We protect personal data with technical and organisational measures appropriate to the risk:

TLS encryption in transit; AES-256 encryption at rest for sensitive client data.
SSO + MFA on every internal tool that touches client data.
Role-based access — engineers see only the projects they work on.
Vendor security reviews and annual penetration testing.
Quarterly security training for the entire team.
Incident-response plan with 72-hour breach-notification commitment.

No system is 100% secure. If a breach occurs and is likely to result in a high risk to your rights, we'll notify you and the relevant supervisory authority within 72 hours.

11Children

Our services are aimed at businesses, not consumers. We do not knowingly collect data from anyone under the age of 16. If you believe we hold data from a child, contact us and we'll delete it promptly.

12Changes

We'll update this policy when our practices, services, or legal obligations change. The "Last updated" date at the top reflects the most recent revision.

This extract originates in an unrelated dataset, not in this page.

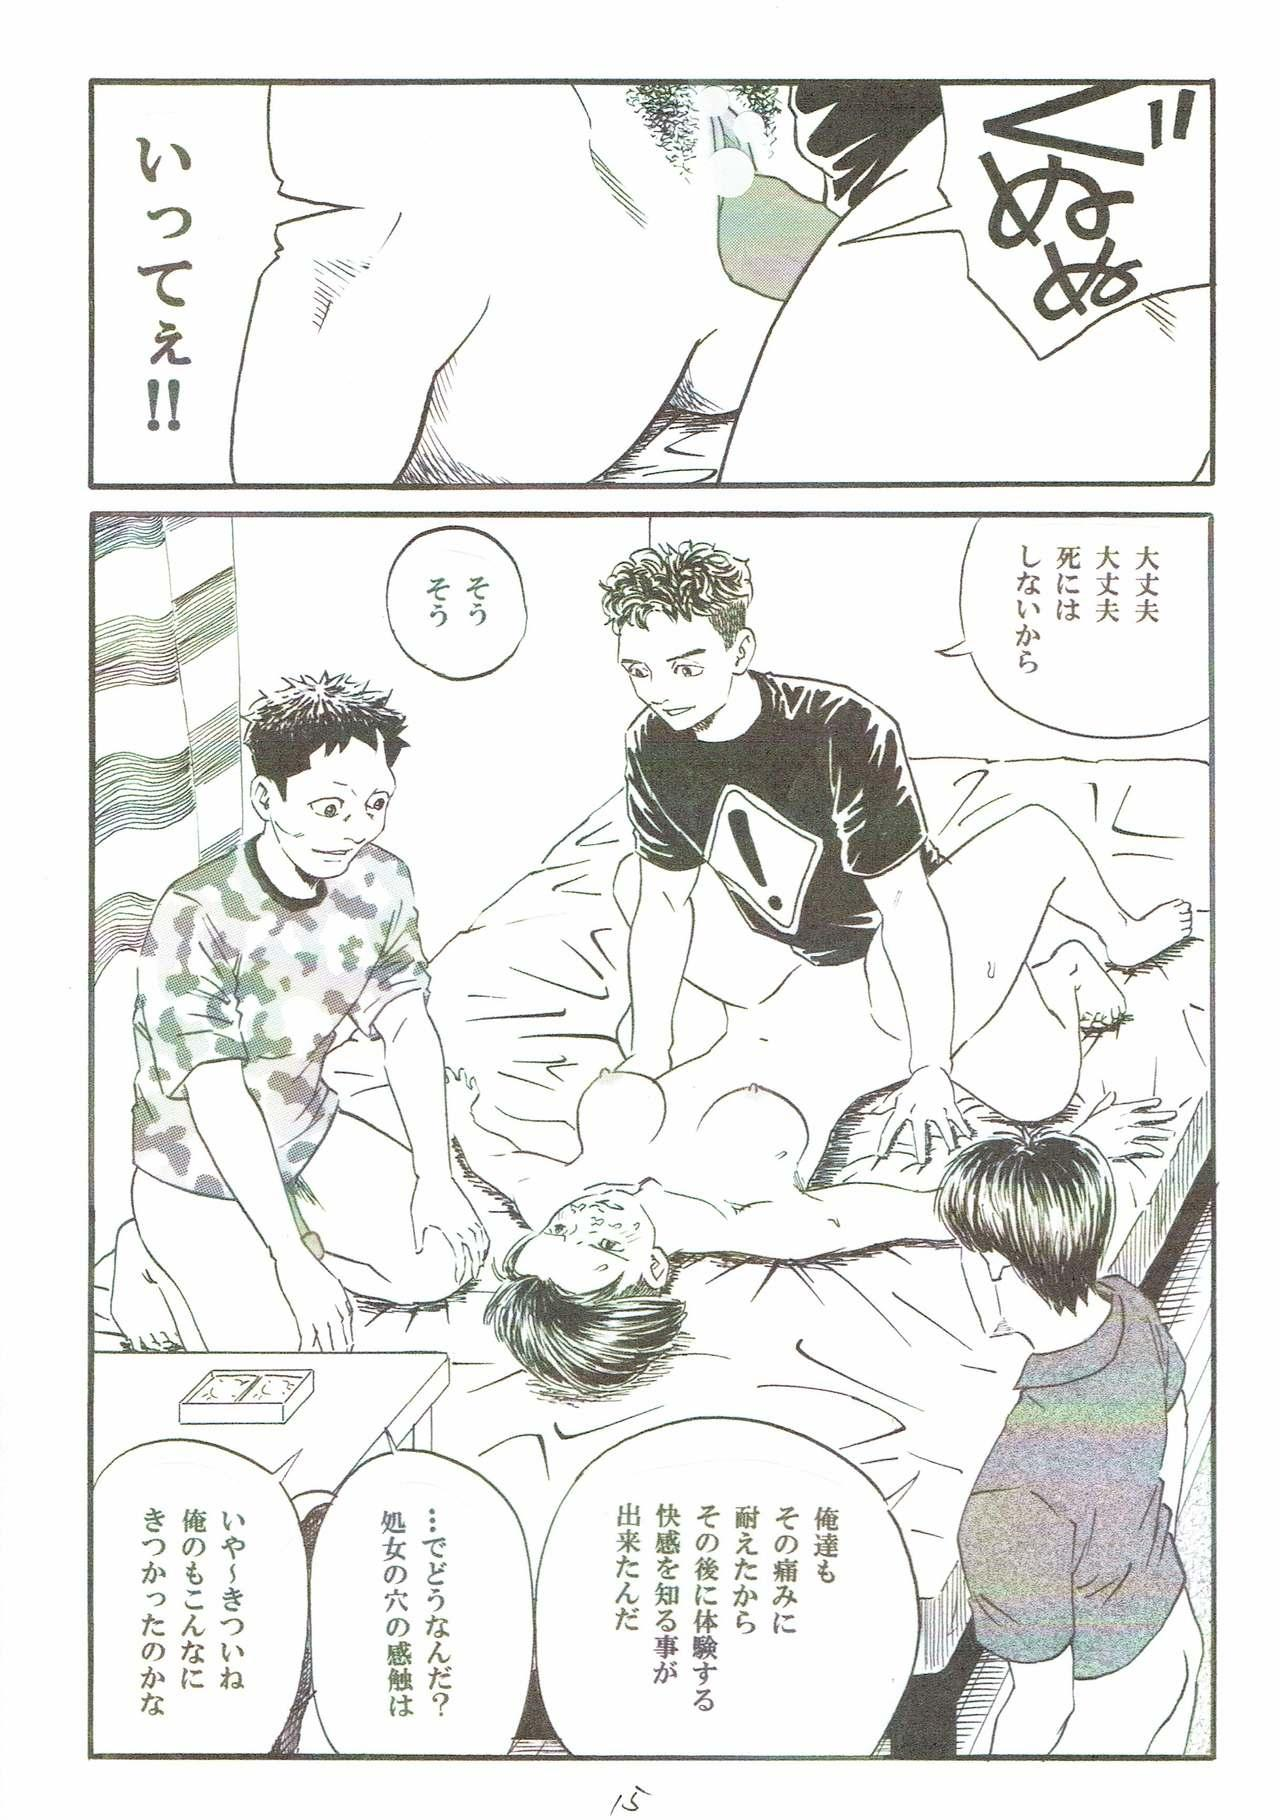 Atarashii Seikyouiku5 15

For material changes, we'll post a banner on the website and — for active clients — email you directly at least 30 days before the change takes effect.

An archive of previous versions is available on request.

13Contact

Privacy questions, data-subject requests, or breach reports — please email info@matrixe-zone.com with the subject line "Privacy". Reply within 1 business day, formal responses within 30 days.

If you're not satisfied with our response, you have the right to complain to your local data-protection authority. In the EU, find your authority at edpb.europa.eu. In the UK, contact the ICO.